Let \(\bar y_{ks}\) denote the sample mean in arm \(k\) and period \(s\). The regression model estimates the effect of the treatment Arm 2 as the difference between the sample mean from this treatment arm and the model-based estimate of the control response in period 2. This estimator is then given by:

\[\label{eq95trt295estimate} \tilde{\theta}_2 = \bar{y}_{22} - \tilde{y}_{02}\tag{2}\]

The model-based estimate of the control response in period 2 \(\tilde{y}_{02}\) is a weighted average of the mean of the concurrent controls and the mean of the non-concurrent controls, adjusted by the time trend estimated from Arm 1:

\[\label{eq95ctrl95estimate} \tilde{y}_{02} = (1- \varrho) \cdot \bar{y}_{02} + \varrho \cdot [ \bar{y}_{01} + \bar y_{12} - \bar y_{11} ]\tag{3}\]

The weight given to the non-concurrent controls is given by the factor \(\varrho\), which takes into account the sample sizes in each arm and period [9]:

\[\label{eq95rho} \varrho = \frac{ \frac{ 1 }{ n_{02} } }{ \frac{ 1 }{ n_{01} } + \frac{ 1 }{ n_{02} } + \frac{ 1 }{ n_{11} } + \frac{ 1 }{ n_{12} } }\tag{4}\] where \(n_{ks}\) denotes the sample size in arm \(k\) and period \(s\).
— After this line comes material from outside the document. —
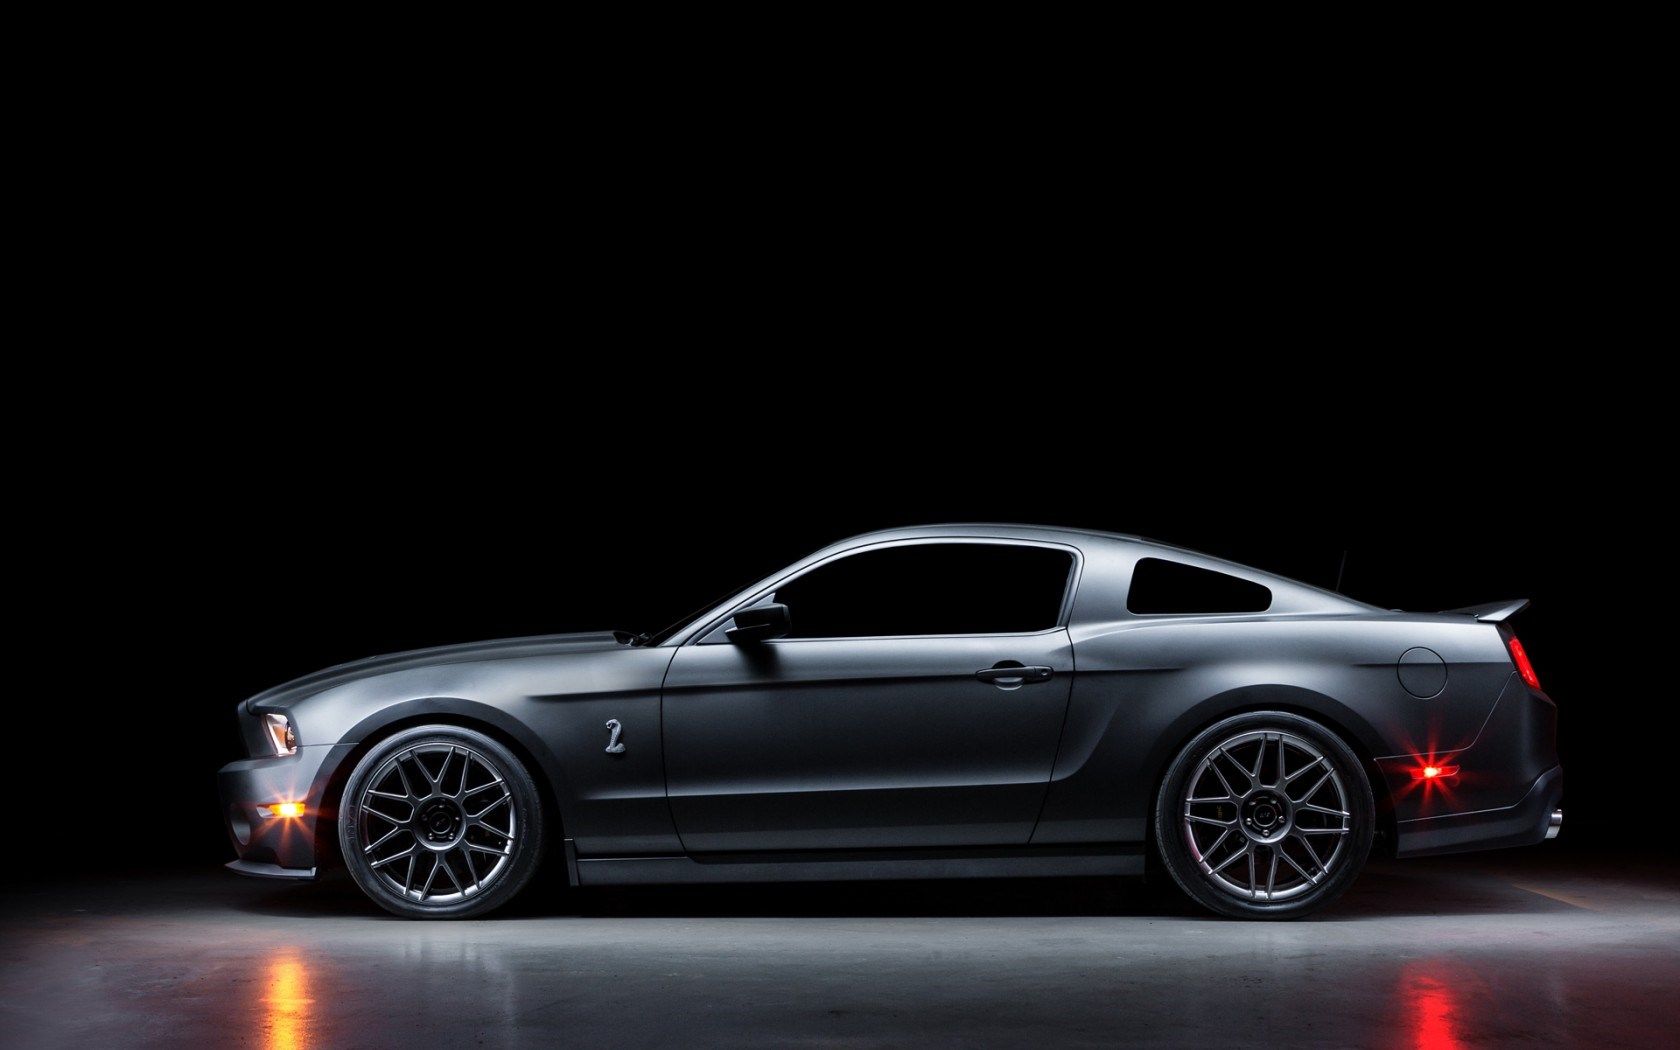 HD wallpaper, Gt500, Ford, Mustang, Car, Profile, Shelby

It was shown that in trials without interim analyses, 2 is an unbiased treatment effect estimate if the time trends in all arms are equal and additive on the model scale [9].
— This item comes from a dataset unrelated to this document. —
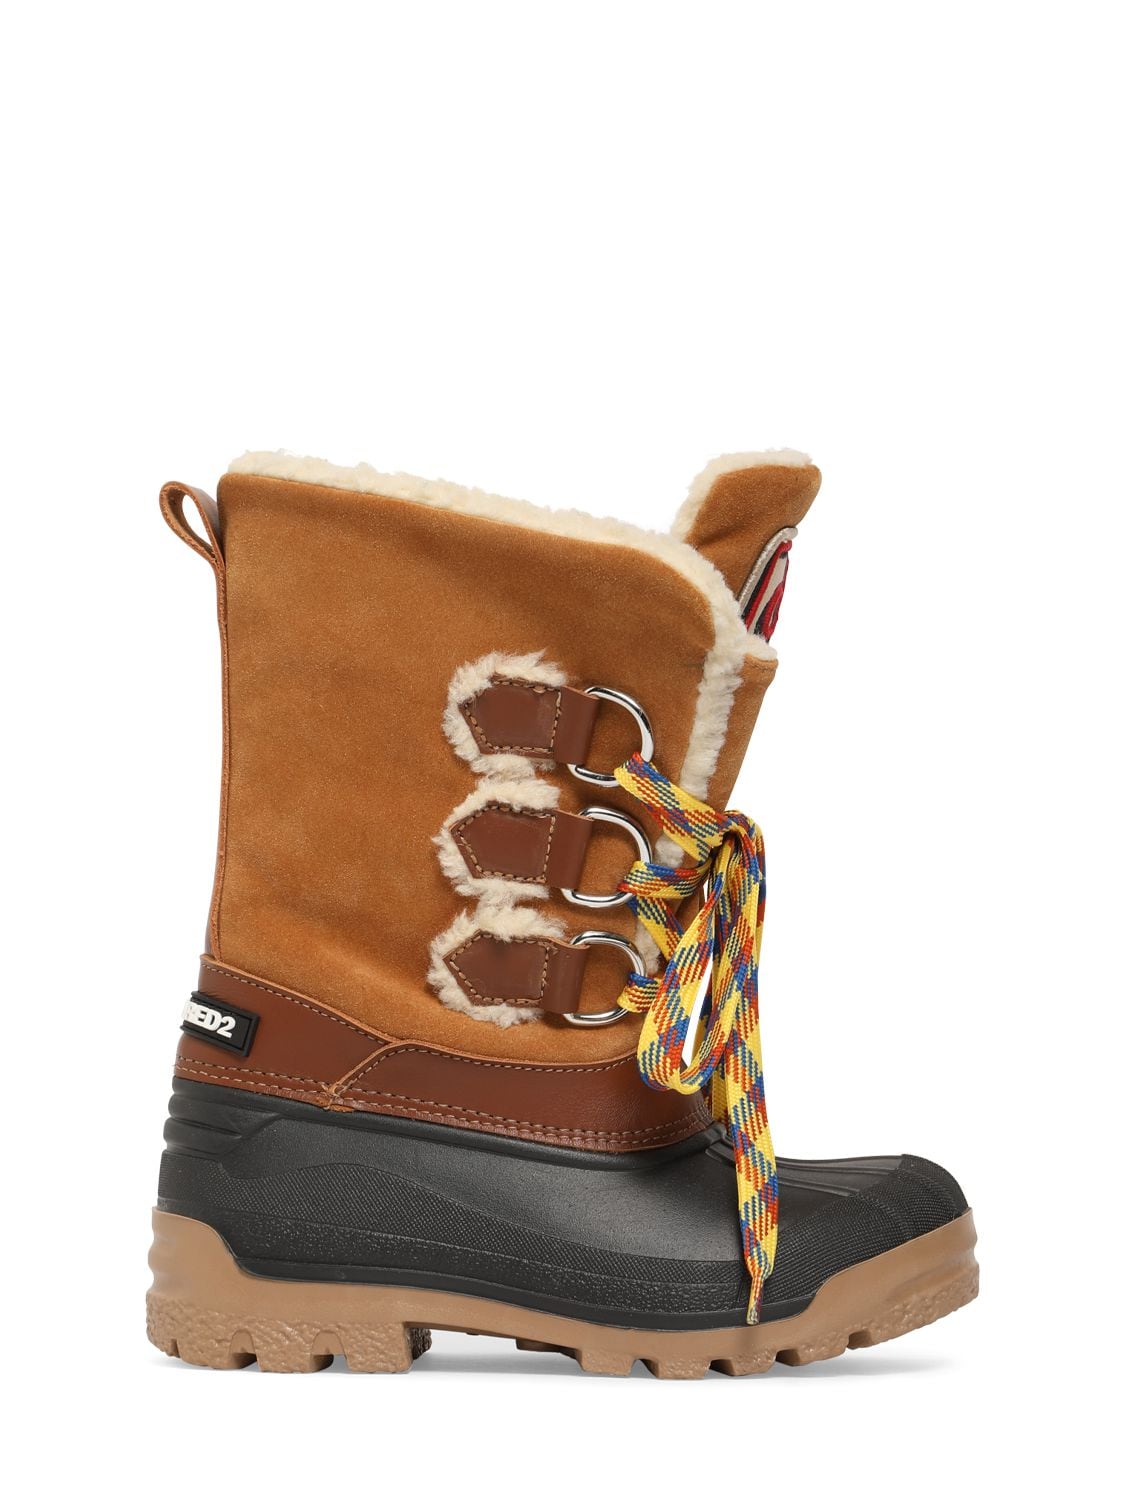 Image of Suede & Rubber Snow Boots

3 Bias introduced by futility interim analysis in regression-based estimators↩︎

In this section, we investigate the bias of the model-based estimator 2 if it is applied in a platform trial where an interim analysis is performed for Arm 1.
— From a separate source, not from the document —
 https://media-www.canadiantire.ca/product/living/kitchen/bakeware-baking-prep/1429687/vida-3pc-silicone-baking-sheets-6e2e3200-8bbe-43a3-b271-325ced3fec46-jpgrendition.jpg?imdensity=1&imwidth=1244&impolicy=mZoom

Suppose that an interim analysis of Arm 1 is performed at the time when Arm 2 is added to the trial. This interim analysis is based on a one-sided z-test comparing the mean responses between Arm 1 and control in period 1, i.e., testing \(H_0: \theta_1=0\) vs \(H_1: \theta_1 > 0\). We consider stopping for futility if the one-sided \(p\)-value from the z-test is larger than a futility bound \(\alpha_1\). Note that when including an interim analysis for Arm 1, the treatment effect estimator for Arm 2 depends on the interim decision. If Arm 1 continues in the trial, the estimator given by 2 depends on the non-concurrent control data, since by 4 \(\varrho>0\). However, if Arm 1 stops at the interim analysis, \(n_{12}=0\) and therefore the weight \(\varrho\) of the non-concurrent control data becomes zero and the model does not utilize the NCC data. In this case, the treatment effect estimate of Arm 2 is \(\tilde{\theta}_2 = \bar y_{22} - \bar{y}_{02}\). Hence, the extent of borrowing from the NCC data and thus the model-based treatment effect estimator in the final analysis for Arm 2 is stochastically dependent on the interim treatment effect estimate for Arm 1. As a result, it is also dependent on the non-concurrent control data. Below, we derive the marginal and conditional bias of the model-based treatment effect estimator for Arm 2 for the platform trial design in Figure 1.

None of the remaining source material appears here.